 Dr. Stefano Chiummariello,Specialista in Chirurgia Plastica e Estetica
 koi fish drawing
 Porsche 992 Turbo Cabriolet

○ ○ ○

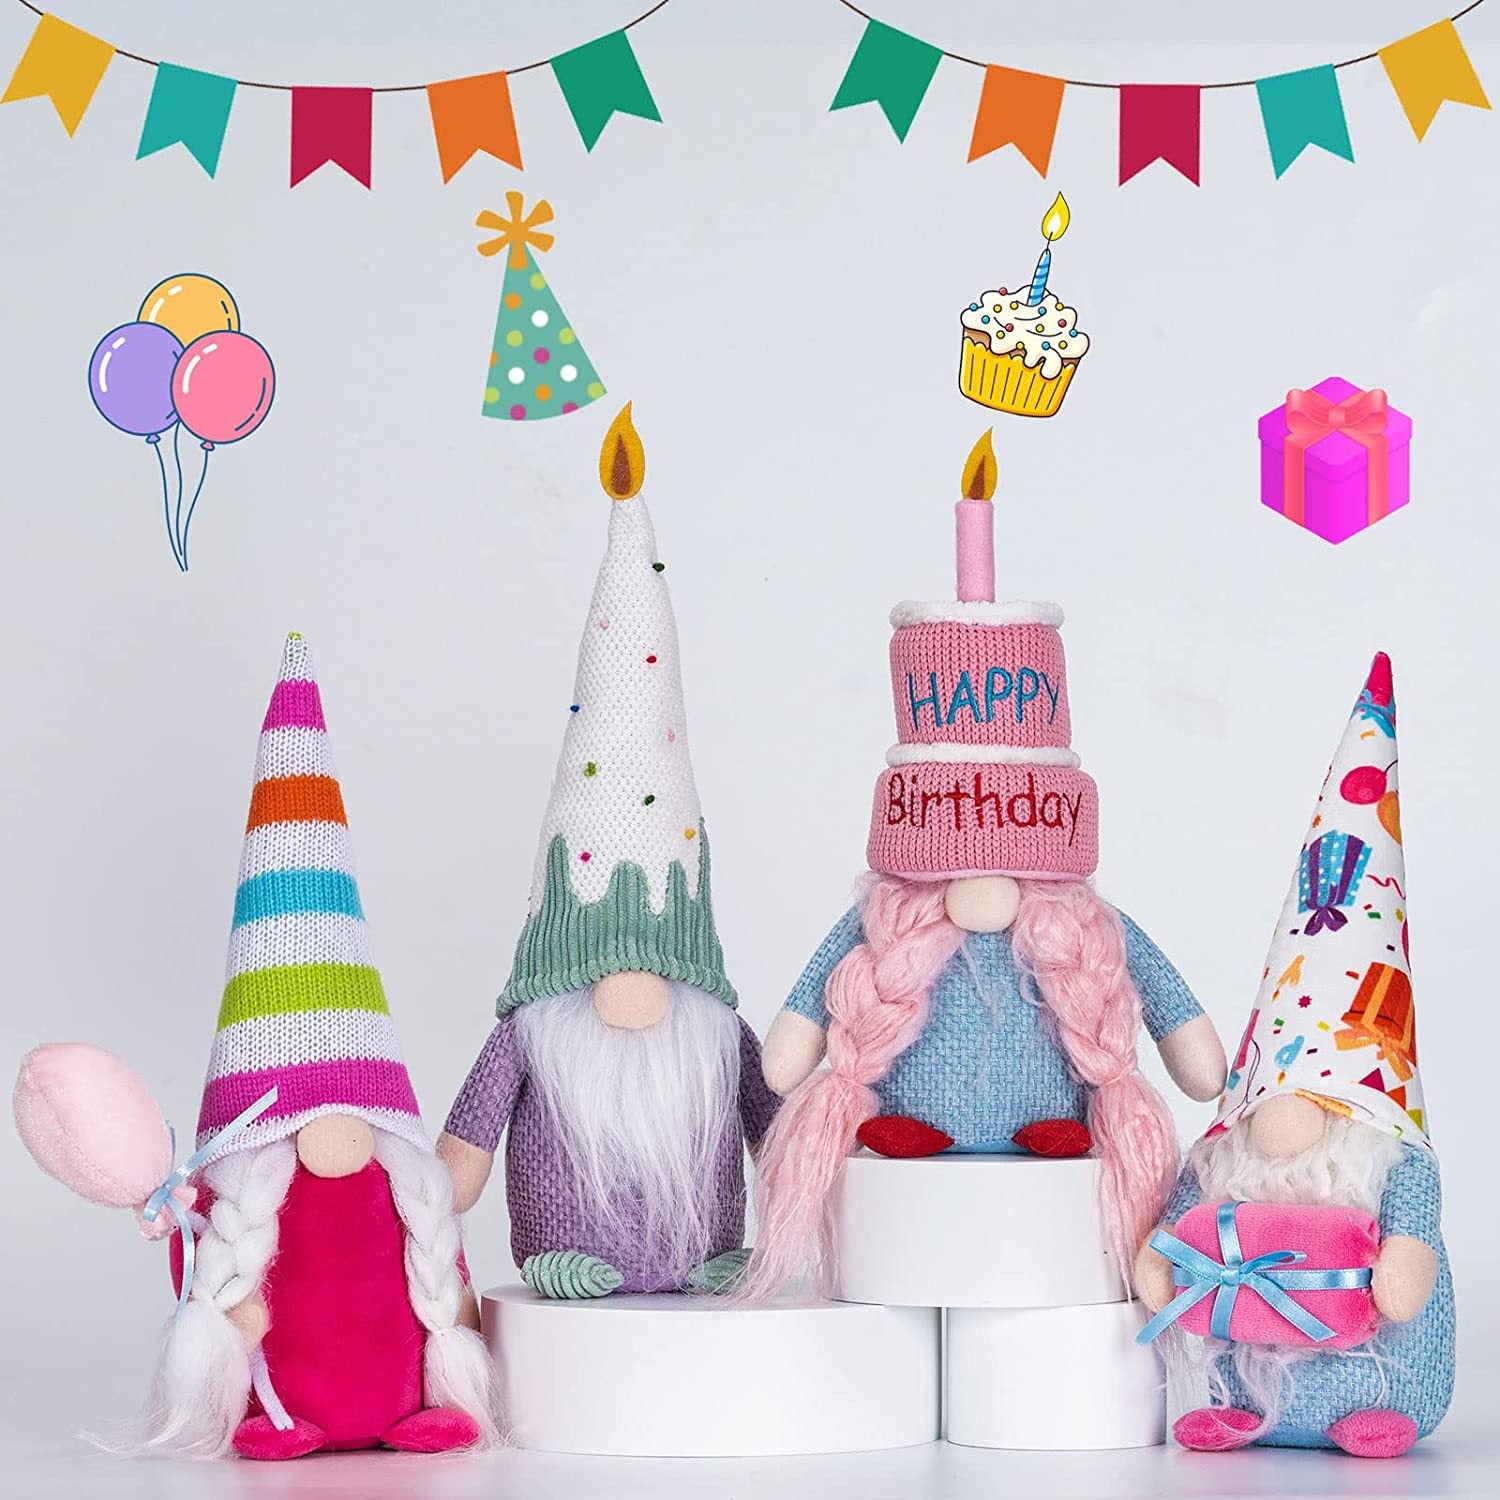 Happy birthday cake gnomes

○ ○ ○

=== EXERCISE INSTRUCTIONS ===
Give again, word for word, every line of the listing above from the one with "Dr. Stefano Chiummariello,Specialista" to the one with "Porsche 992 Turbo Cabriolet", both inclusive, and nothing beyond them.

=== RESPONSE TO THIS EXERCISE ===
 Dr. Stefano Chiummariello,Specialista in Chirurgia Plastica e Estetica
 koi fish drawing
 Porsche 992 Turbo Cabriolet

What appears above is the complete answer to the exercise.